2000年2月27日
向畑(記)、森広、倉田
「荒船山に行こうかな。」
と誰かに言ったら、アイスクライミングの情報には素早い森広さんから、早速、「一緒に行きましょう。」と誘いの電話が入った。
週末は冷え込みそうな予報だったが、昇天の氷柱は滝と違って染み出しが凍る。
急に冷え込んでも氷柱は形成されていない可能性も高いが、取りあえず出かけてみることにした。
ベースとなる内山峠に上がるのには、ノーマルタイヤのシビックでは非常に不安だったので、多分パートナーにあぶれていそうな倉田さんをだまし、スタッドレスタイヤのマークⅡで行くことにした。
上信越道の下仁田インターから254号をたどり、内山トンネルを抜けてから内山峠に上がった。
登山口の駐車場には23時30分頃着いたが、既に車が1台止まっていてテントが張ってある。
早起きする自信のない我々パーティは、「クライマーならこんなに早く寝るわけがない。」
とか訳のわからないことを寝る前には言い。
翌朝には、当たり前のように男女ペアのパーティが自分たちより早起きして出かけていったが、ヘルメットやロープなどが目に付かなかったので、「もしかしたら普通の登山者かも。」
といった勝手な甘い期待を抱いていた。
しかし、一杯水で追いつくと、先行の2人はしっかりとハーネスを着けて用意を済ませていた。

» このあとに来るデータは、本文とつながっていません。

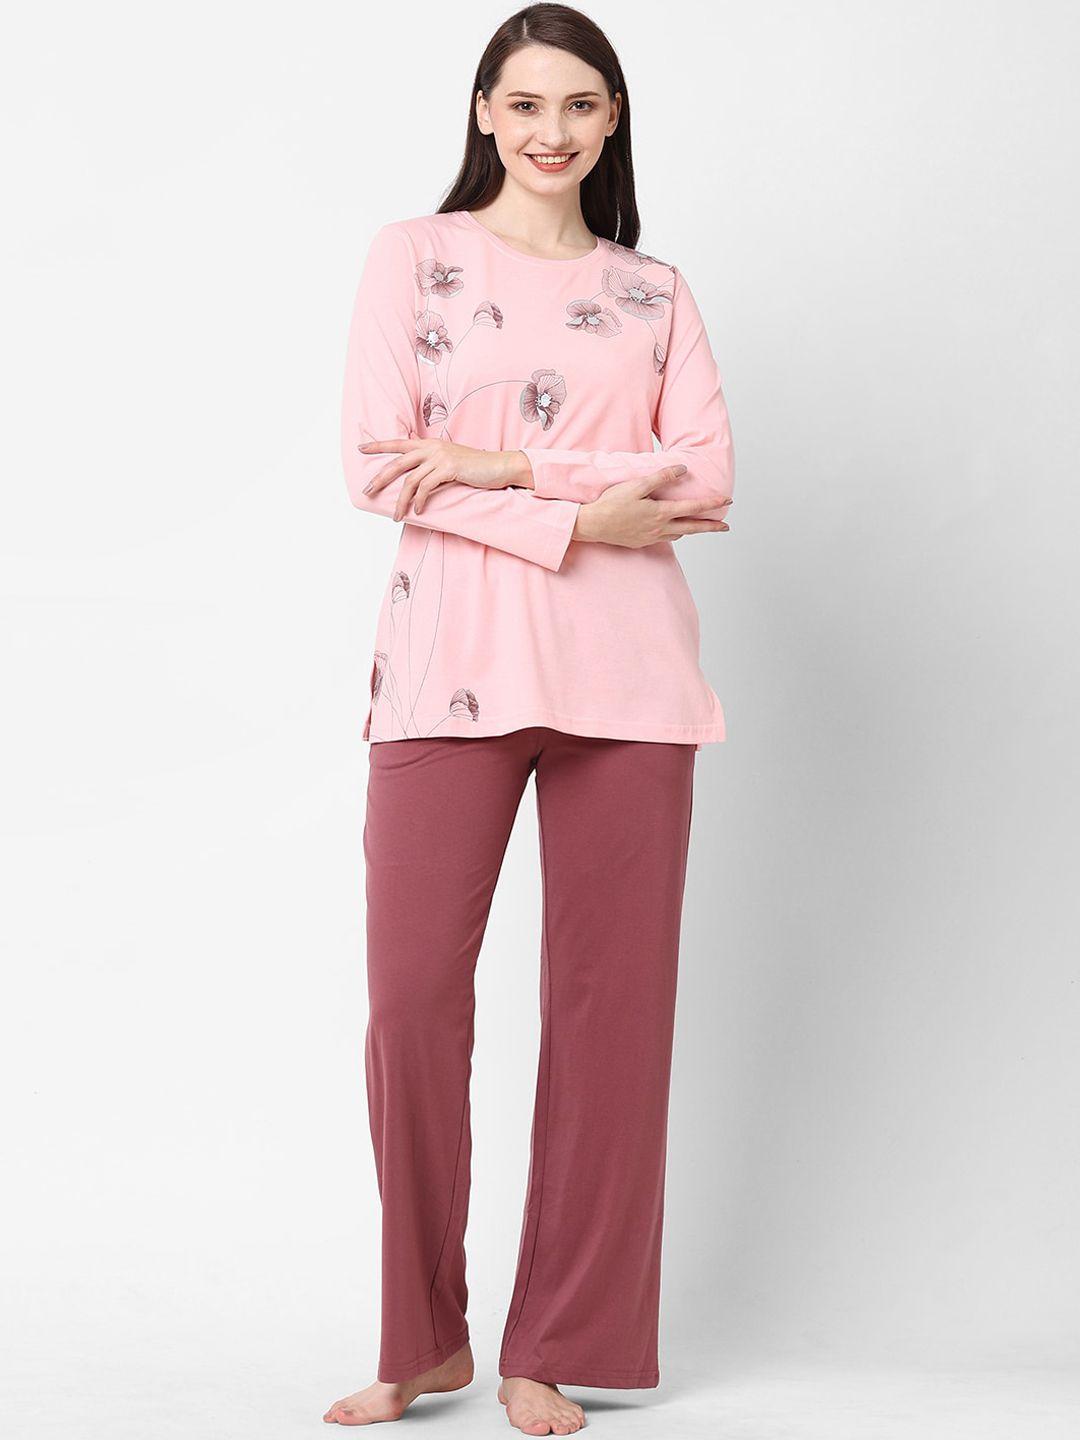 sweet-dreams-women-pink-&-maroon-printed-night-suit

出遅れた当パーティは6時50分に内山峠を出発、7時40分に一杯水に到着。
ここで一通りの装備を身に付け、余分なものをまとめてザックを1つデポ。
一杯水の看板の裏から艫岩の基部をトラバースし、氷柱取り付きには8時40分に着いた。
先行パーティは既に取り付いていたが、ビレーしている女性をよく見ると、YCCの小柳さんだった。
氷柱の幅は予想通り狭く、落氷直撃の危険があり取り付くかどうか迷ったが、戻って転進するのもめんどうだ。
1段目の上が比較的広く、2段目の入り口は右に回り込む感じになっているのが下から見てもわかる。
先行パーティが2ピッチ目に抜けてしまえば、取りあえず1ピッチ目は登れそうだ。
1ピッチ目、先行が完全に抜けきるまで待ったので、取り付いたのは10時。
スラブ上にたれた幅2m程度の氷から、上部は50cm位のチムニー内の氷へ。
途中、窮屈な体勢でチョックストーンをくぐり抜ける。
立ち木でビレー。
2ピッチ目、出だしのつららが下まで届いていない。
右側の階段状の岩場を2mほど登り、氷に移る。
さらに一段上がると傾斜が落ち、3段目の取り付きへ。
3ピッチ目、ここが核心となっていたが、氷がつながっていない。
しかし、岩の部分に残置があるらしく、先行は果敢にもA0で登っている。
ここで当パーティは、おもむろにザックからアブミを取り出す。
出だしの氷を2mほど登り、氷が途切れたところから岩に移り、ベタ打ちにされているボルトとハーケンをたどる。
残置が途切れたところから、今度は右側の狭いルンゼに詰まった氷に移る。
4段目の取り付きには、ペツルボルト2本の立派なビレーポイントがある。
4ピッチ目、ルンゼに傘のような氷がかかり、行く手をふさいでいる。
傘の天井には穴が開けてあるようで、小柳さんが傘の中に入り、奮戦的なクライミングを続けている。
ラインはルンゼ内の氷をオポジションで登って傘の中にもぐり込み、穴をくぐって傘の上にいったん乗る。
そこから左のかぶった氷を乗っ越すと樹林帯に出て終了。
先行2人が穴を広げ、余分なつららも落としてくれたので割と楽に越えられたが、それでも穴は人間が抜けることができるぎりぎりの大きさしかなく、腰に付けたアブミがつっかえてかなり苦しかった。
終了は16時。
登山道経由で一杯水に戻り、デポを回収後内山峠に戻ったのが17時20分。
国道沿いにある荒船の湯を目差し、峠を下った。